Review: Microsoft improves Web browser

The long-awaited upgrade to Microsoft's Web browser is here, introducing the masses to features available for years in rival products.

My initial thought to Microsoft Corp.'s game of catch-up was "no big deal." But after trying out version 7 of Internet Explorer, the first major release since 2001, I found a number of improvements to like. Normally, those might provide enough reason to switch to IE7 - except rivals like Mozilla's Firefox have been pushing forward with new tools as well.

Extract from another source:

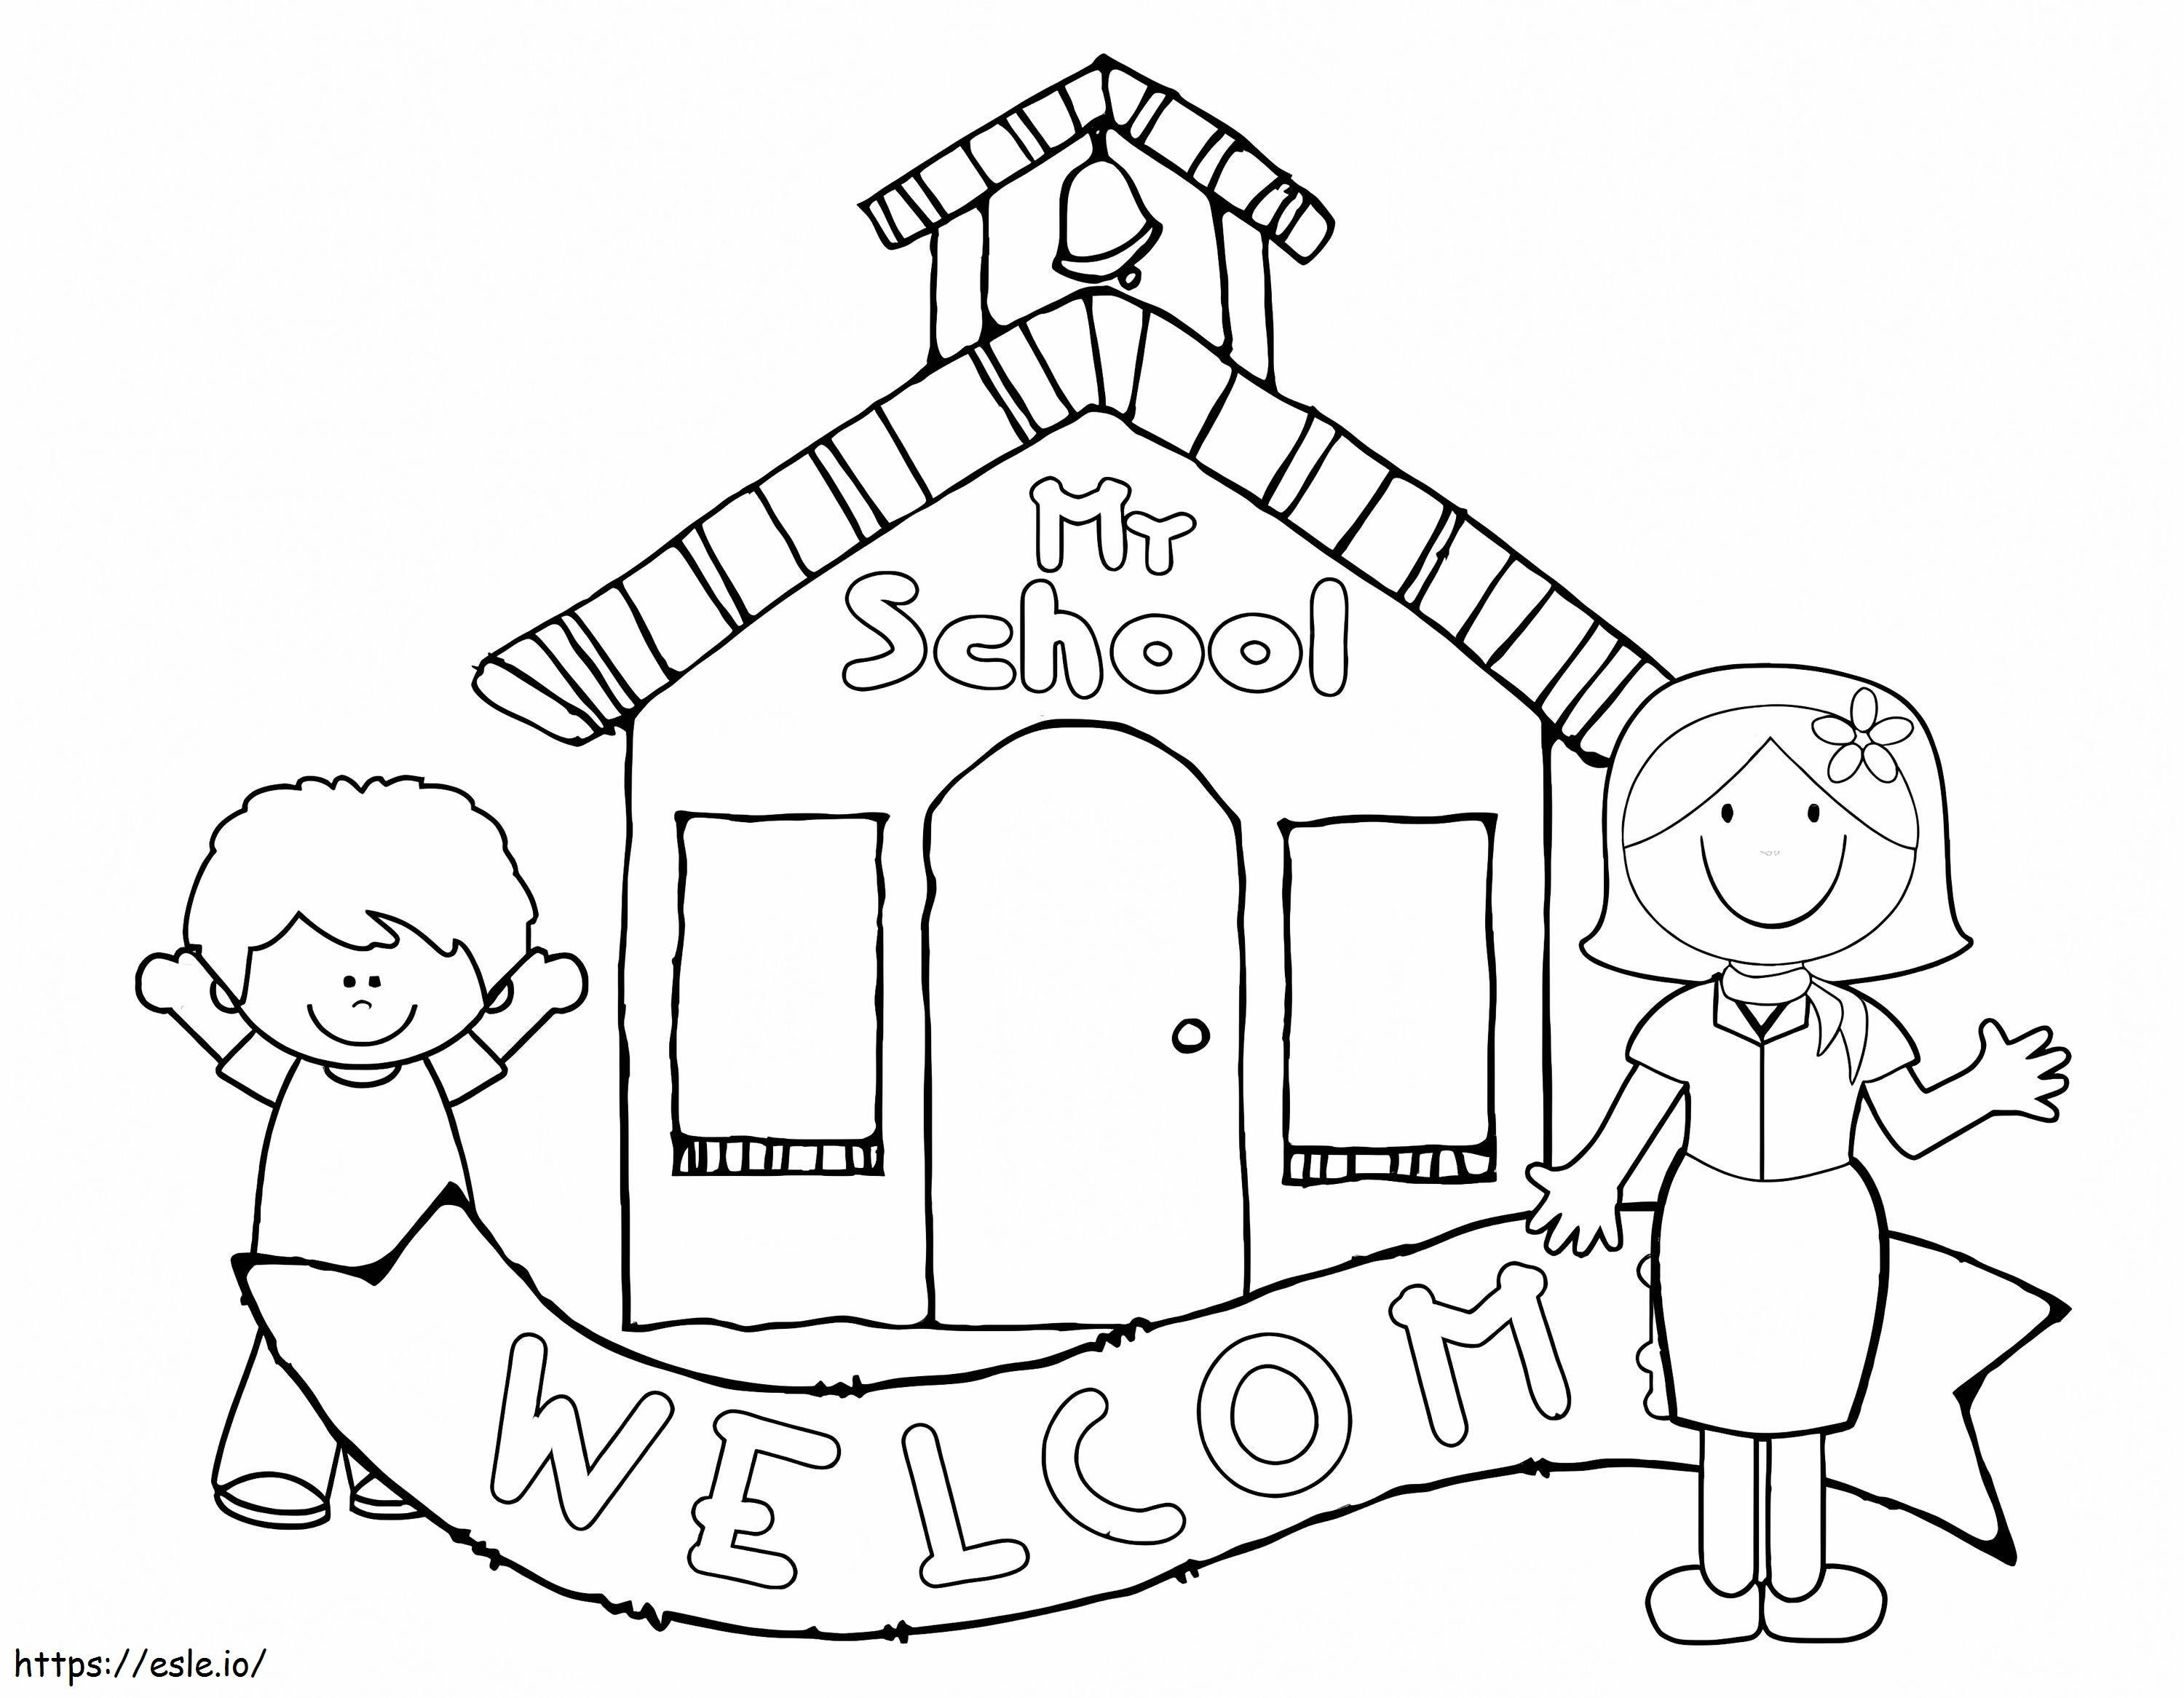 Bienvenido al jardín de infancia 2 para colorear

The most noticeable change in IE is a redesign that replaces menus like "file" and "edit" with task-oriented buttons for printing, searching and the like.

Just as Google Inc.'s novel, folder-less approach to e-mail took getting used to, Microsoft's new interface initially will seem odd. But in no time, I started questioning the old ways - why, for instance, was "print" under "file" and not "view"?

IE7 also introduces a built-in search box and tabbed browsing, which reduces clutter by opening multiple Web pages in a single window. That'll come as new to the 90 percent of Internet users who don't use Firefox and Opera, which already sport both features.

The new Microsoft browser also carries security improvements, including warnings when Web visitors try to go to known "phishing" sites that try to steal passwords.

Version 2 of Firefox, which came out last month a week after IE7, also added a phishing filter, while Opera Software ASA plans to include it with Opera 9.1, expected later this month (The current version, 9.0, came out in June).

I've been a longtime fan of tabbed browsing, first with Opera, then with Firefox, my primary browser these days.

Microsoft has a few unique features, including the display of small, thumbnail versions of all open pages at once. It catches up with Opera and Firefox in letting you save related tabs in groups to reopen at once. But IE7 lacks Firefox's and Opera's ability to reopen a tab you've accidentally closed.

Firefox gets points for search, offering the easiest ways to add search engines and organize them within your search box. In addition, as you start typing in your search, Firefox offers suggestions to finish the query.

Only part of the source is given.